Читая, Зина скорее почувствовала, чем увидела, как рука раненого медленно и трудно поднялась и потянулась к ней. У Зины перехватило дыхание.
— Зина! — вдруг отчетливо промолвил он до боли знакомым голосом! — Зина!
Зина испуганно сорвалась с места. Отпрянув назад, она зацепилась за табуретку и упала навзничь. Раненый слабо вскрикнул и рванулся с койки, но сейчас же безжизненно откинулся на спину и скрипнул зубами.
— Жаворонок убился!
— Ой, братцы, поднимите! Пораскрывали рты, медведи! — метались испуганные крики по палате.
Зина пришла в сознание на второй день. Но от чрезвычайной усталости и душевного потрясения была очень слаба. Вставать и разговаривать ей Виталий Корнеевич запретил.
— Что тот раненый? — первое, что спросила Зина у старенькой сиделки и неожиданно расплакалась. Она не верила себе. Не верила, что вчерашний вечер был таким, каким она его воскресила в болезненной памяти.
— Успокойся, успокойся, касатка. Отдохни, и все пройдет. Измаялась ты.
Только на шестой день Зина добилась от няни, что «тот раненый» смотрит, шевелит головой, но молчит, вроде онемел.

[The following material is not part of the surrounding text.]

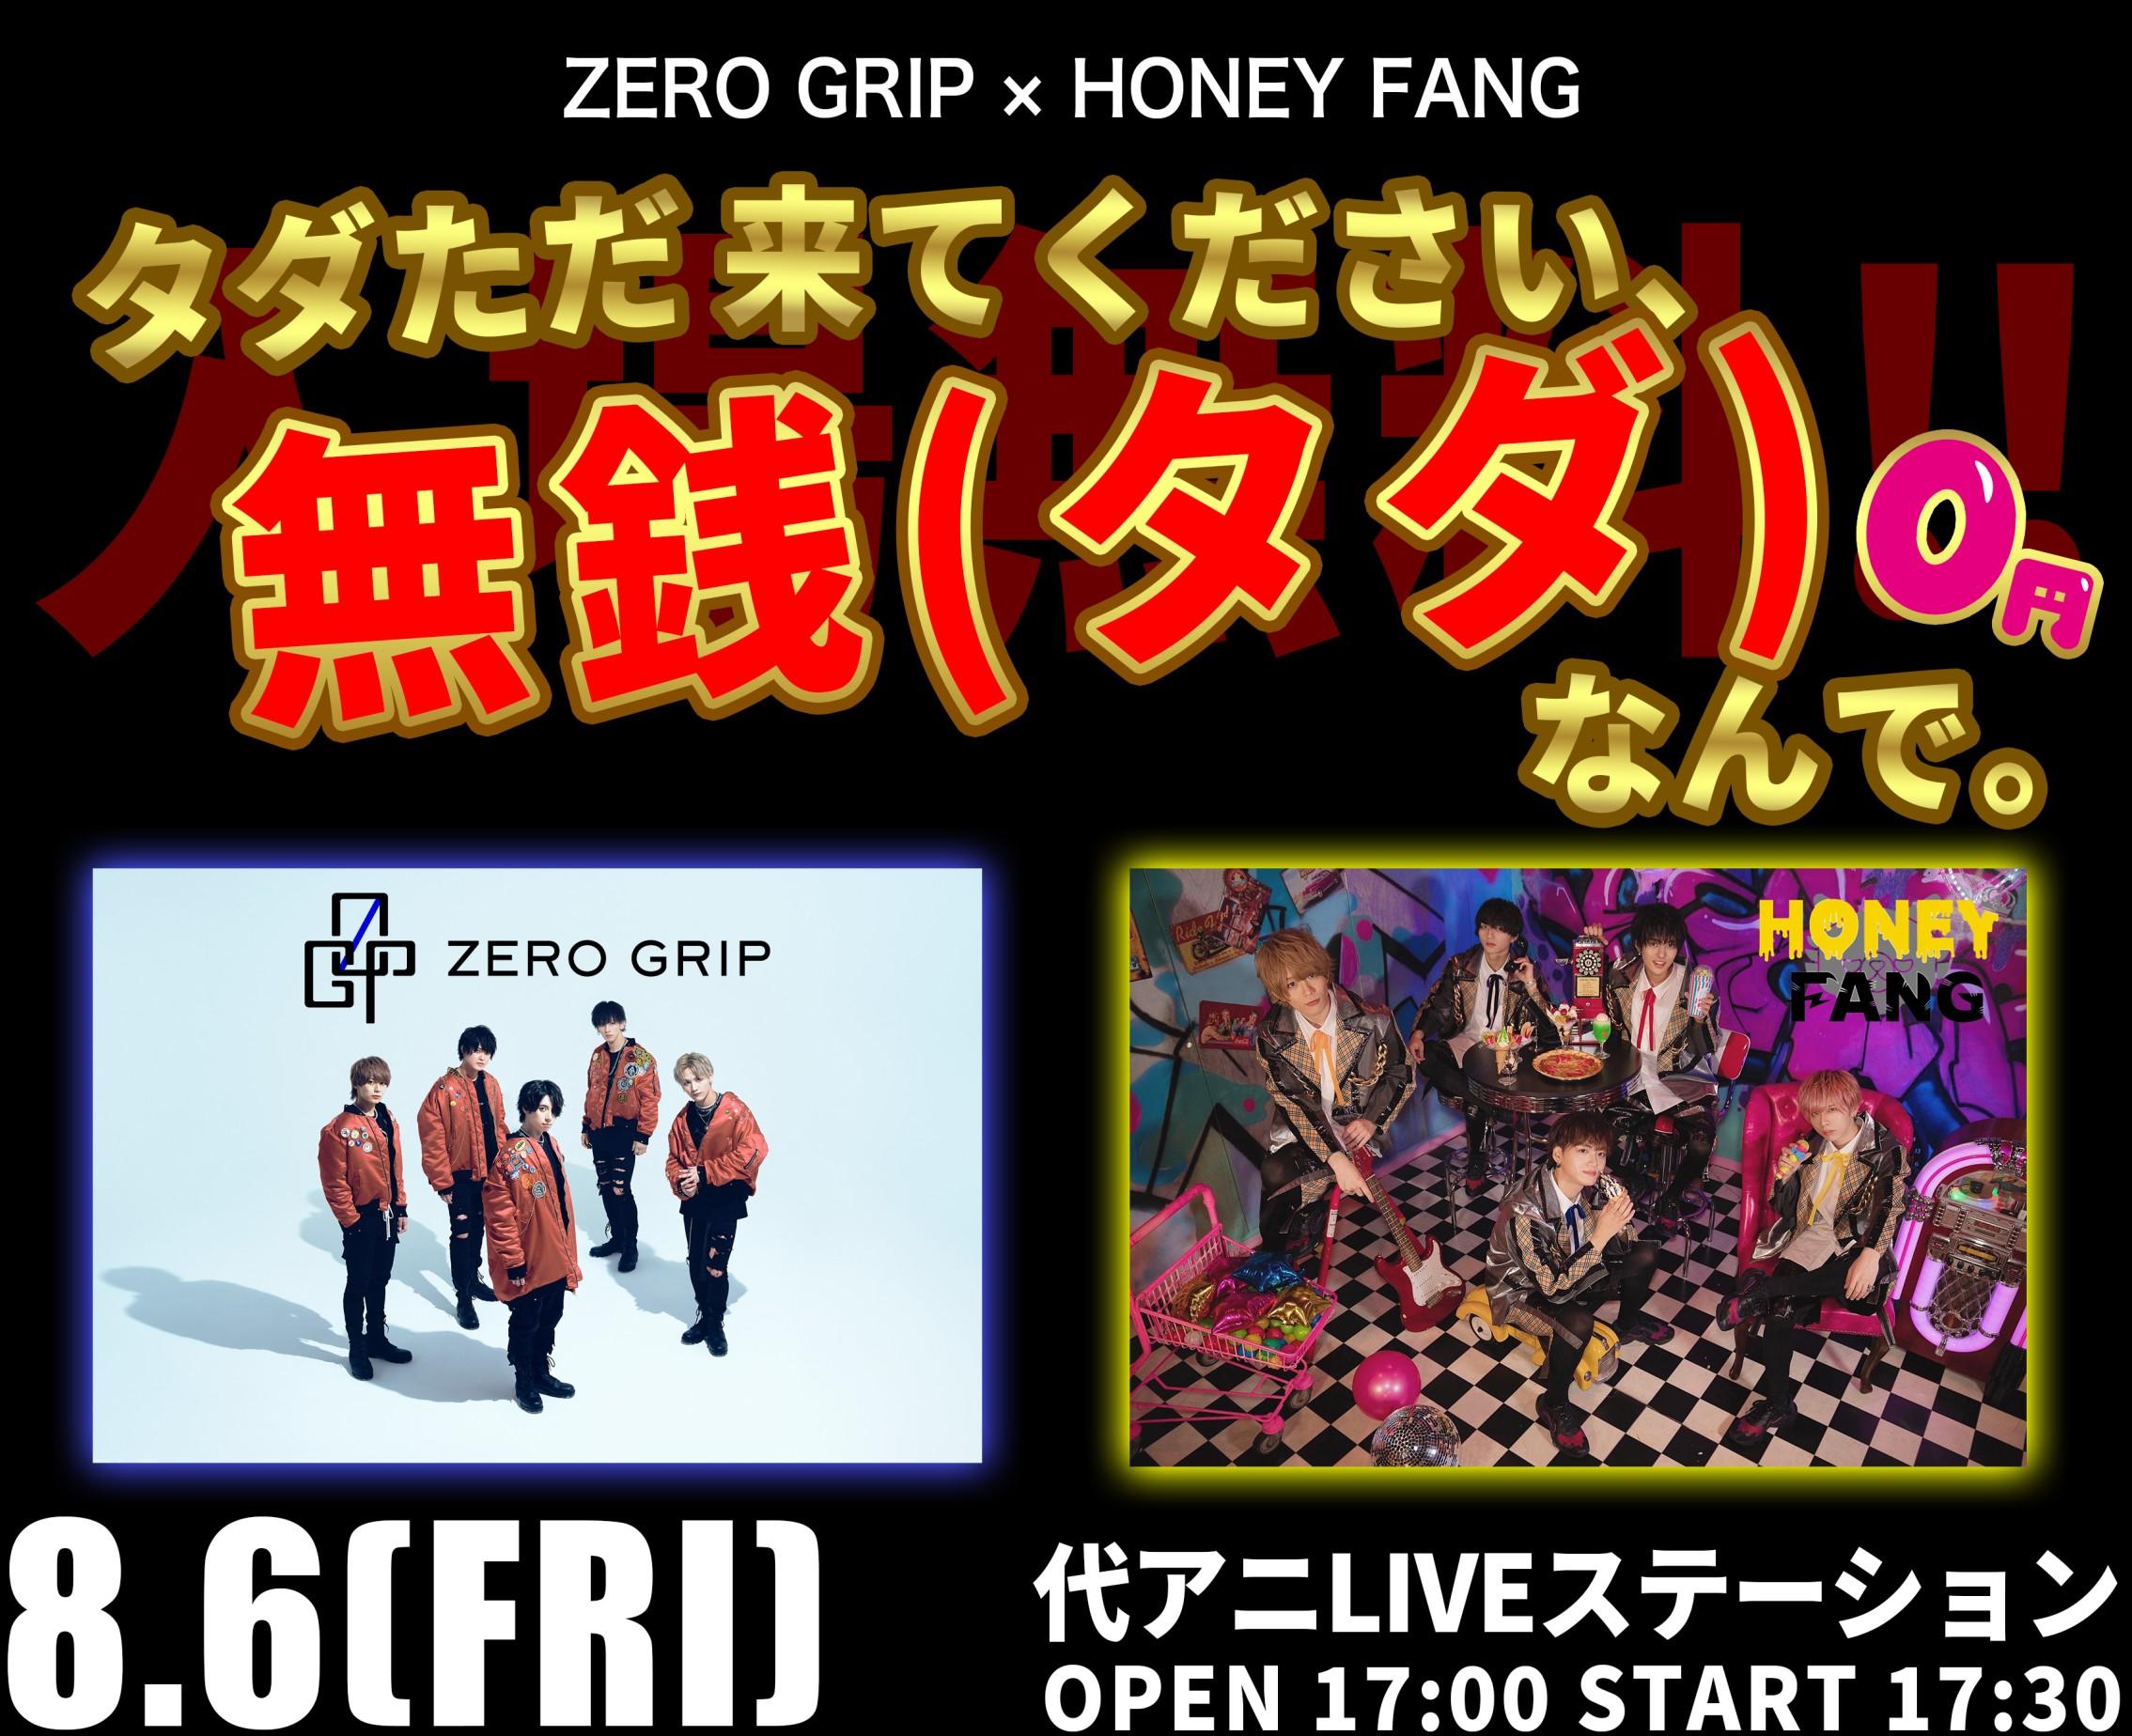 ZERO GRIP × HONEY FANG 〜タダただ来てください、無銭(タダ)なんで。〜

Зина заверяла старушку, что чувствует себя уже хорошо, просила только на минутку заглянуть в палату, но та была неумолима. Тогда Зина выбрала удачный момент и попросту сбежала. У нее кружилась голова. Покачиваясь на ослабевших ногах, она медленно дошла до своей палаты и заглянула в дверь.
— Жаворонок прилетел! — радостно вскрикнули раненые, приподнимаясь на койках.

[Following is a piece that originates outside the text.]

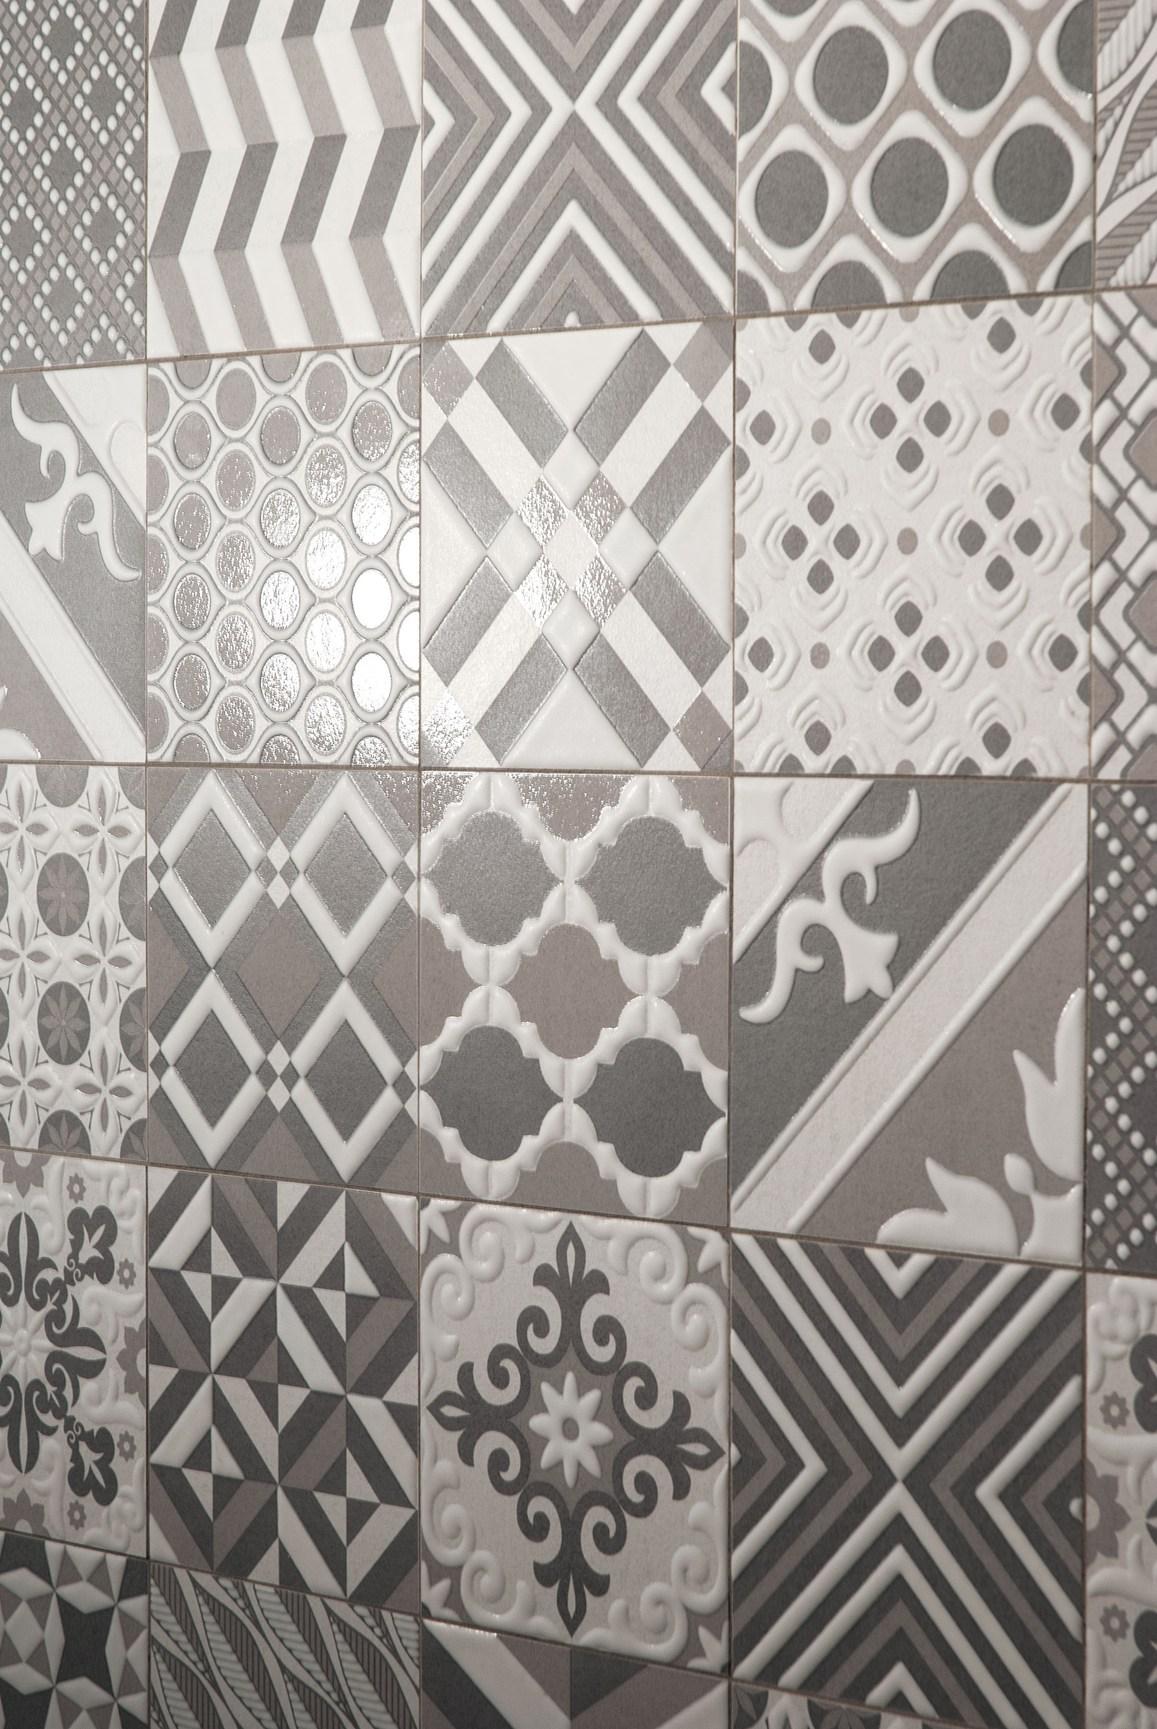 Faianta-Ceramica-Sant'Agostino-Matherea 7

Но Зина видела только забинтованную голову. Голова росла, закрывала собою все.
— Зина! — услышала она радостный окрепший голос. — Зина!
Теперь она не могла обознаться. Сердце радостно дрогнуло.
— Вячеслав! — вскрикнула Зина и бросилась к постели Любимова.
— Брата Зина нашла!
— Какой брата — мужа!
— А это мы сейчас узнаем, — раздался веселый, как всегда, голос Виталия Корнеевича.
Зина испуганно и стыдливо обернулась назад. Размазывая по лицу слезы, встала и шагнула к Виталию Корнеевичу. В палате наступила тишина. В волнении Зина не обратила внимания на стоявшего к ней спиной военного в белом халате.
— Ну говори, Зинаида Георгиевна, кого ты нашла в моем отделении? Кто он тебе? — строго посмотрел на нее поверх очков военврач.
— Жених, — смущенно пробормотала. Зина и посмотрела в глаза Виталию Корнеевичу.
— Жених?.. Любимов? — изумленно воскликнул военный.
— Папа, папа! — крикнула Зина и бросилась к отцу. Она громко, как в детстве, расплакалась.
— Успокойся, успокойся, дочка, — гладил ее по голове Савельев, глядя на Любимова. — Он не мог умереть!..
8
В лагерь Киоси возвратился только к вечеру. На кабине его автомашины развевался красный флажок за перевыполнение дневного задания. Еще издали он заметил во дворе что-то необычное: собравшись у бараков группами, военнопленные о чем-то оживленно разговаривали, взмахивали какими-то белыми бумажками, пожимали друг другу руки. Некоторые сумрачно расхаживали вдоль изгороди, одиноко курили в разных углах. «Что бы это могло означать? — удивился Киоси. — Торжествуют и печалятся, как в день подношения жатвы первому предку императора!»